Task statement: Give an unaltered copy of the listing below, minus its pictures.
[[ Data section open ]]
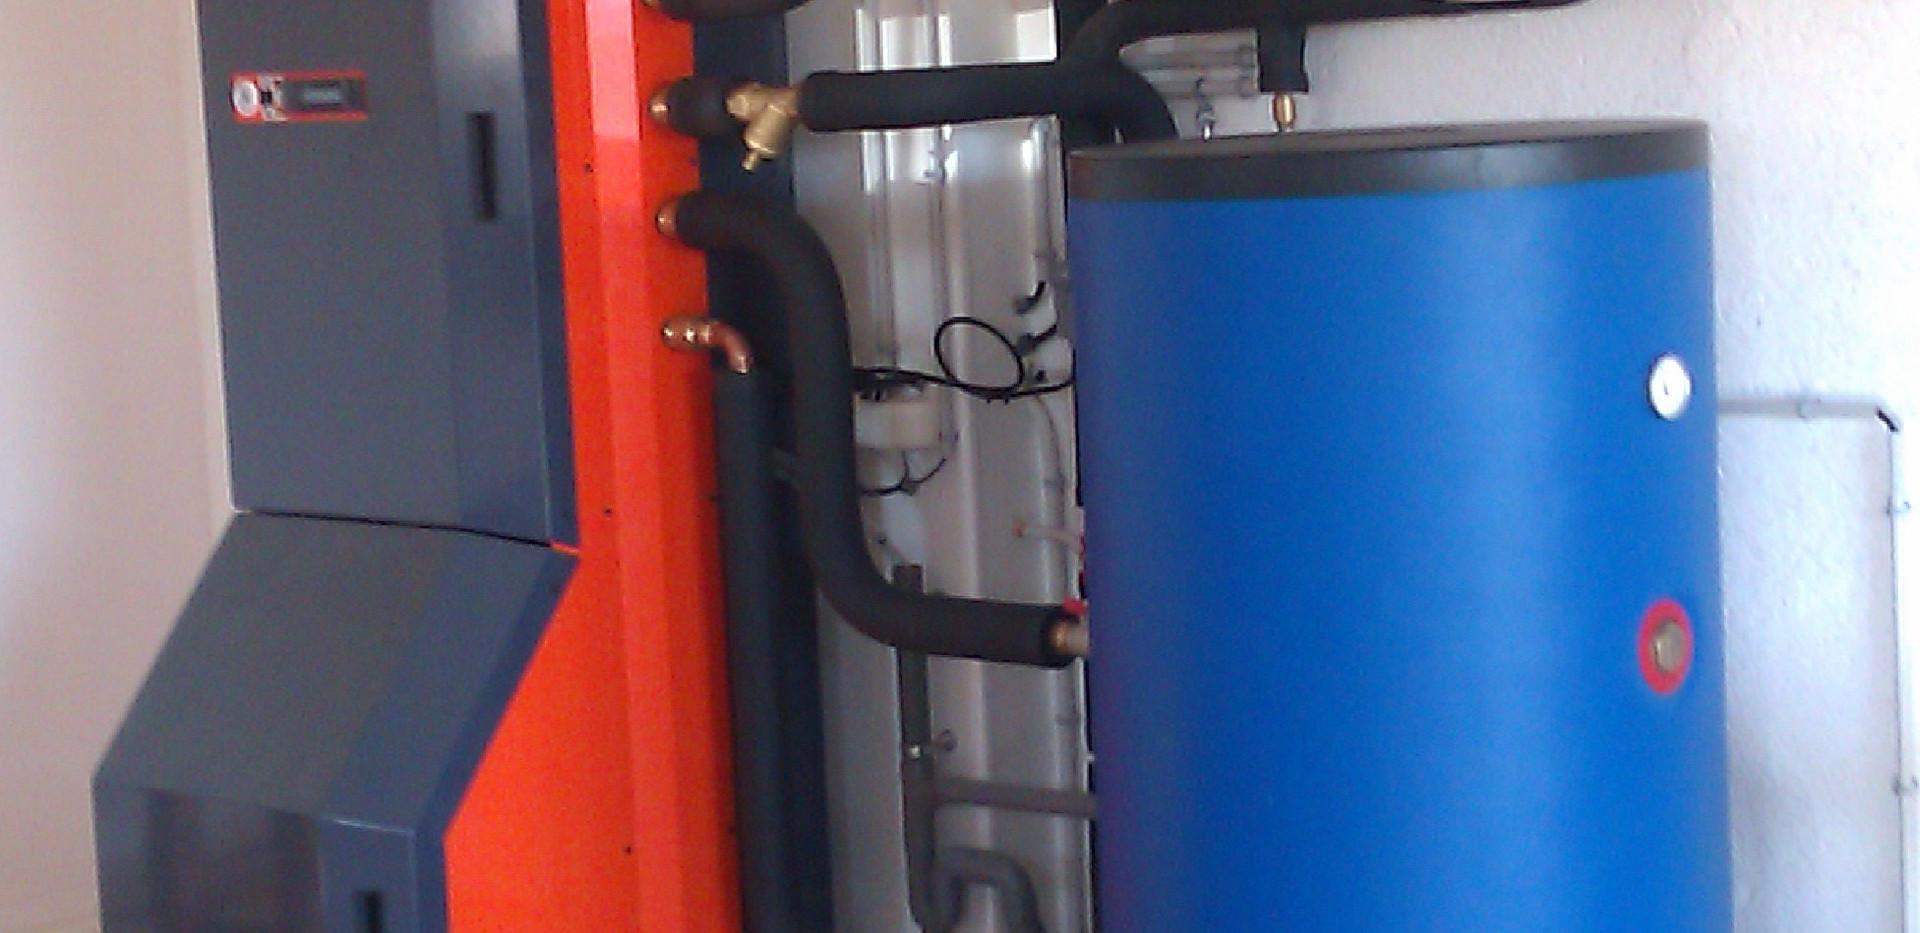 Pompe à chaleur haute température.
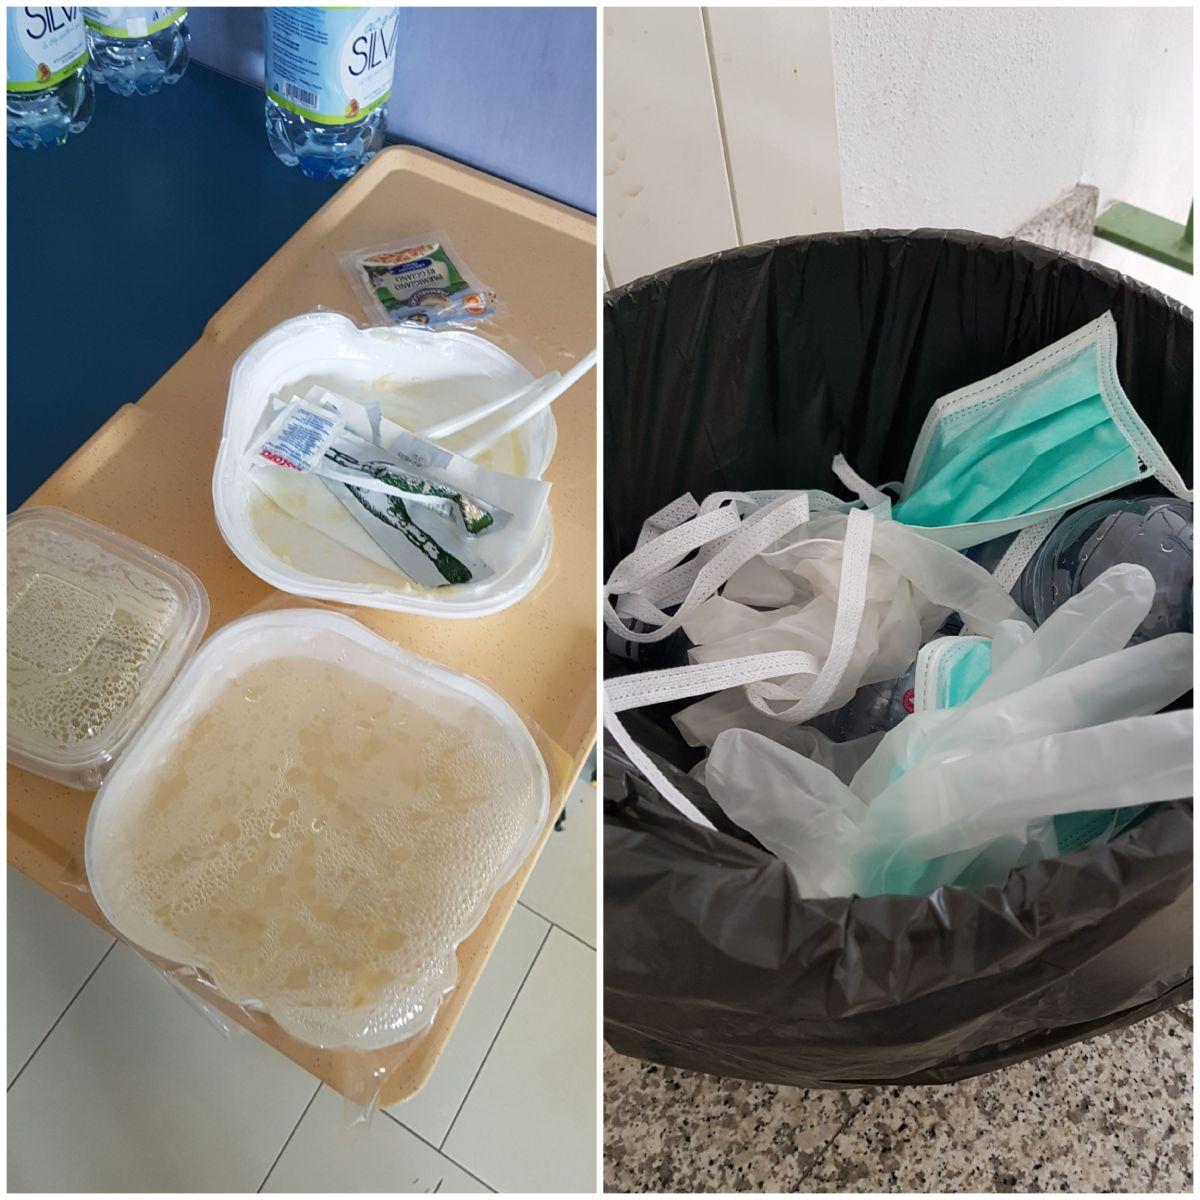 °°L'incredibile quantità di rifiuti in plastica prodotta dagli ospedali°°
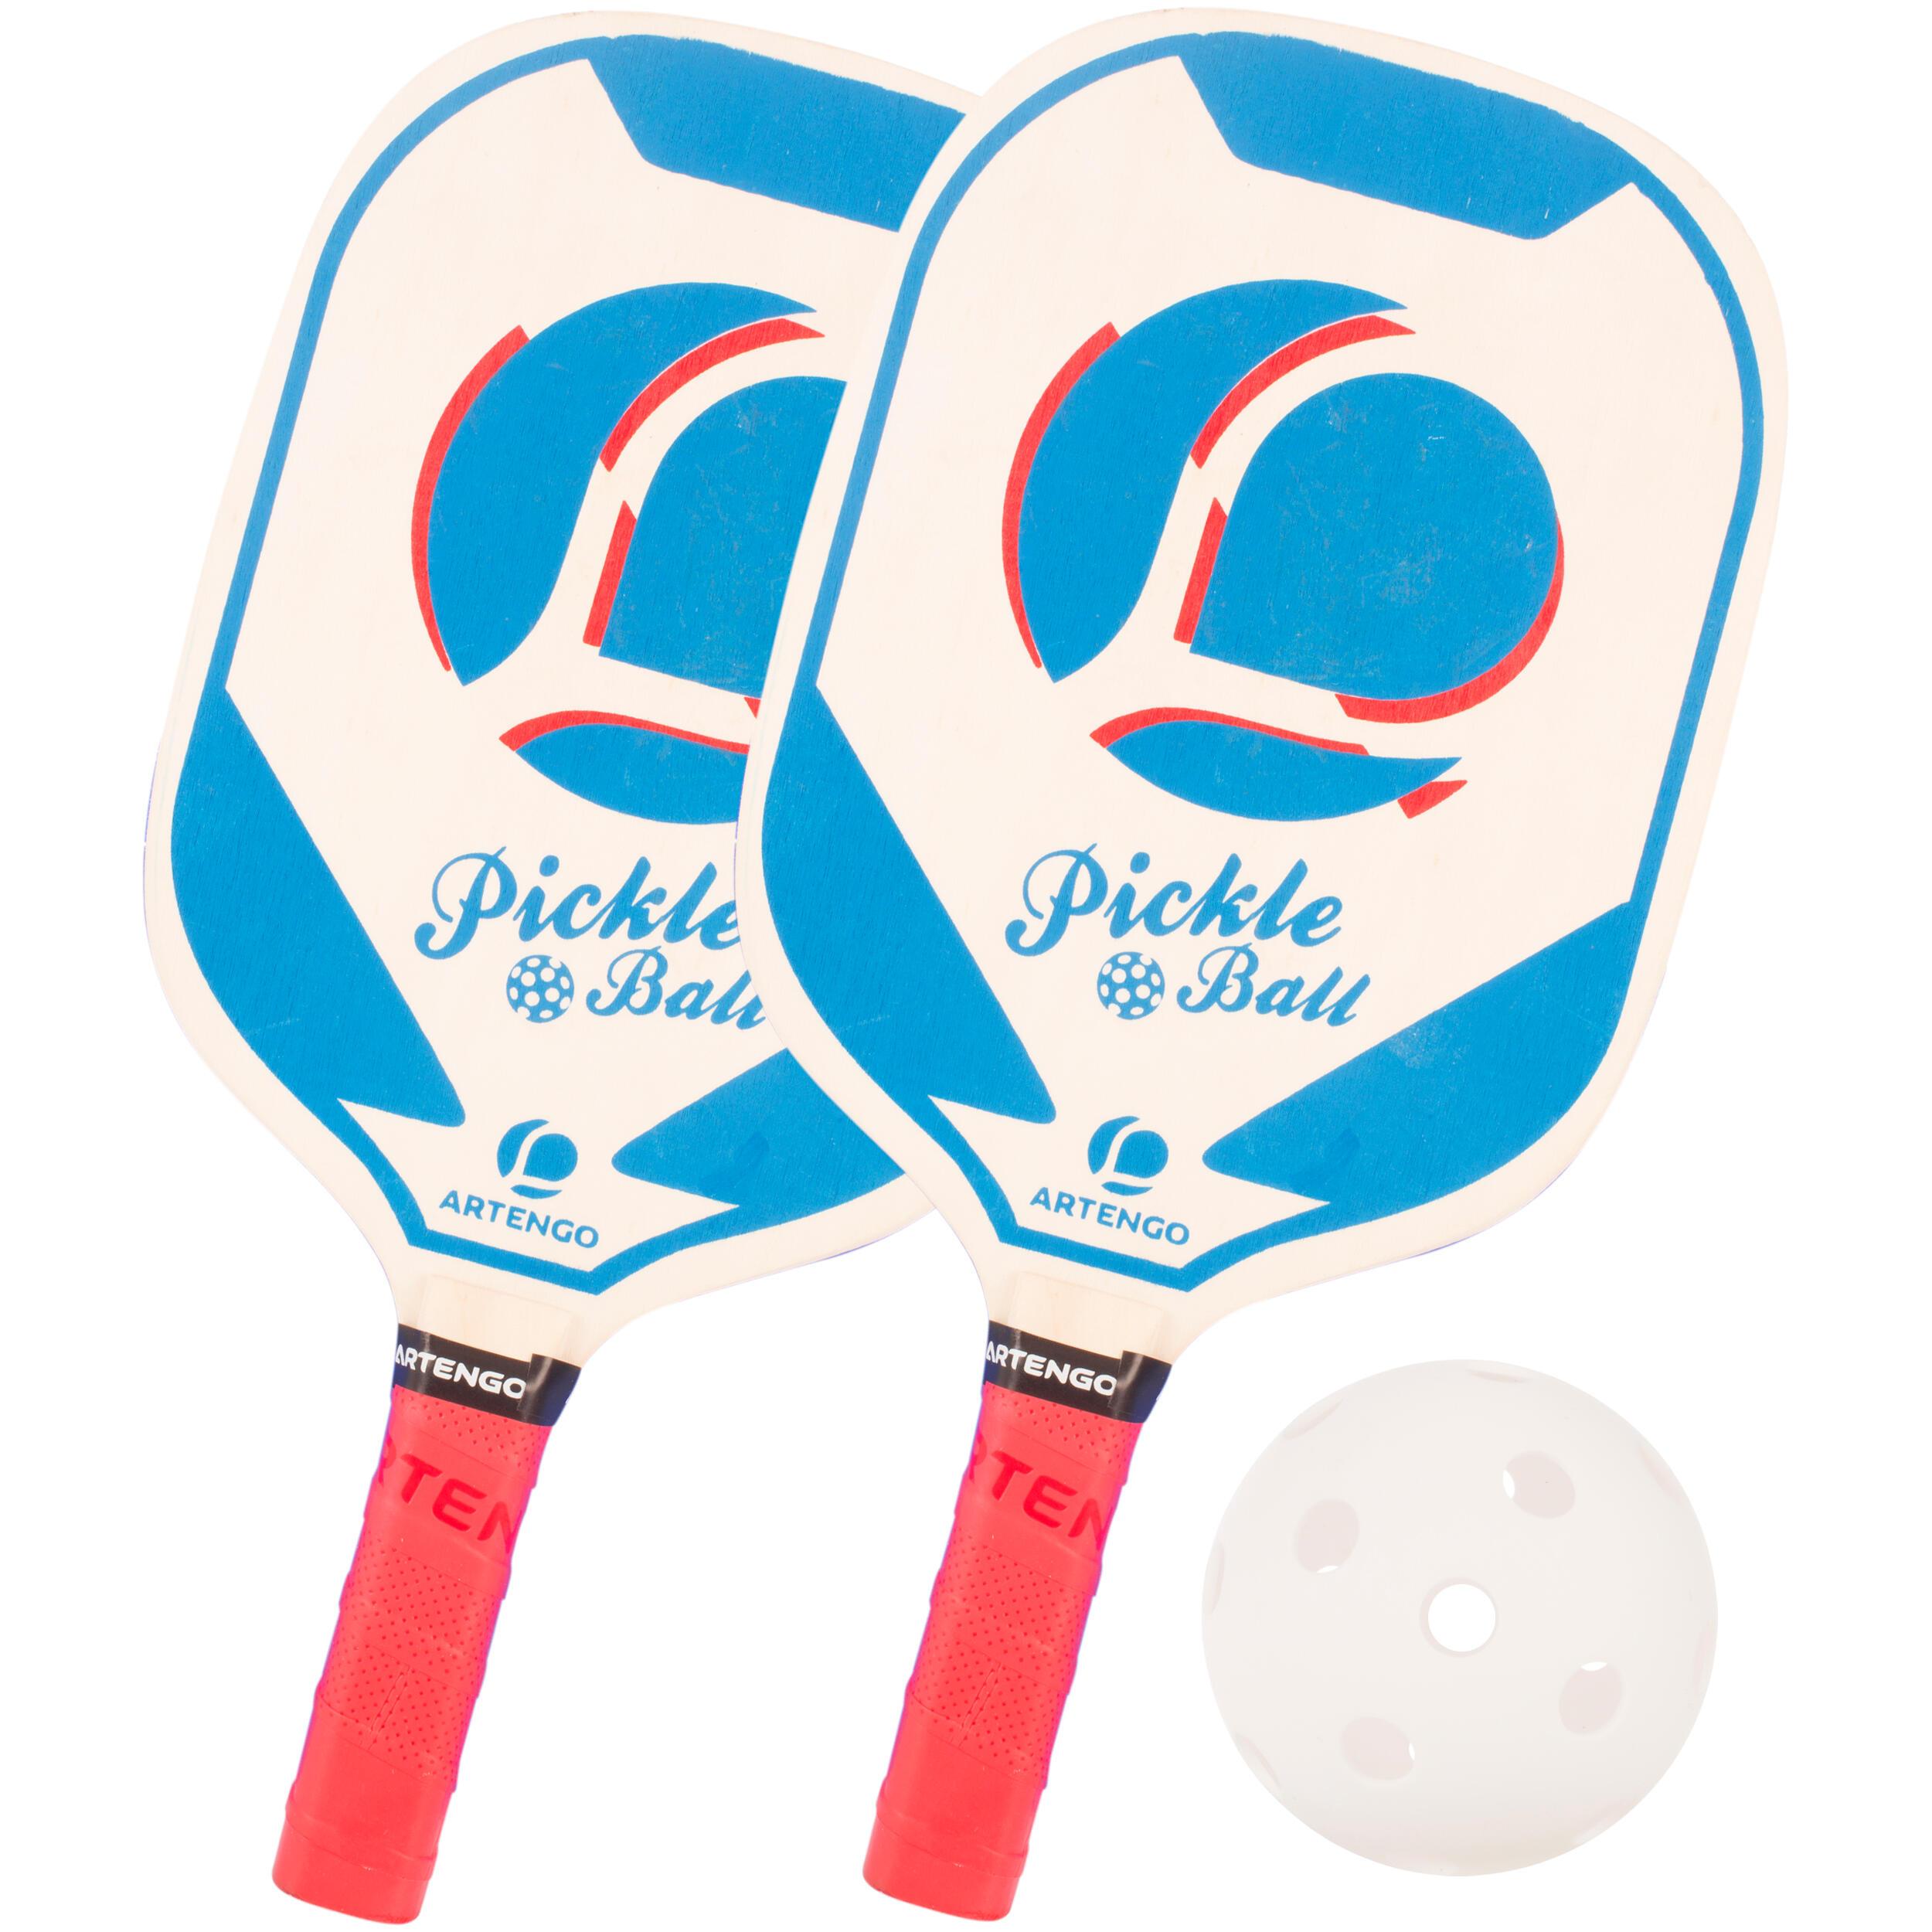 Ensemble de 2 raquettes de PICKLEBALL bleu
[[ Data section closed ]]
Response:
 Pompe à chaleur haute température.
 °°L'incredibile quantità di rifiuti in plastica prodotta dagli ospedali°°
 Ensemble de 2 raquettes de PICKLEBALL bleu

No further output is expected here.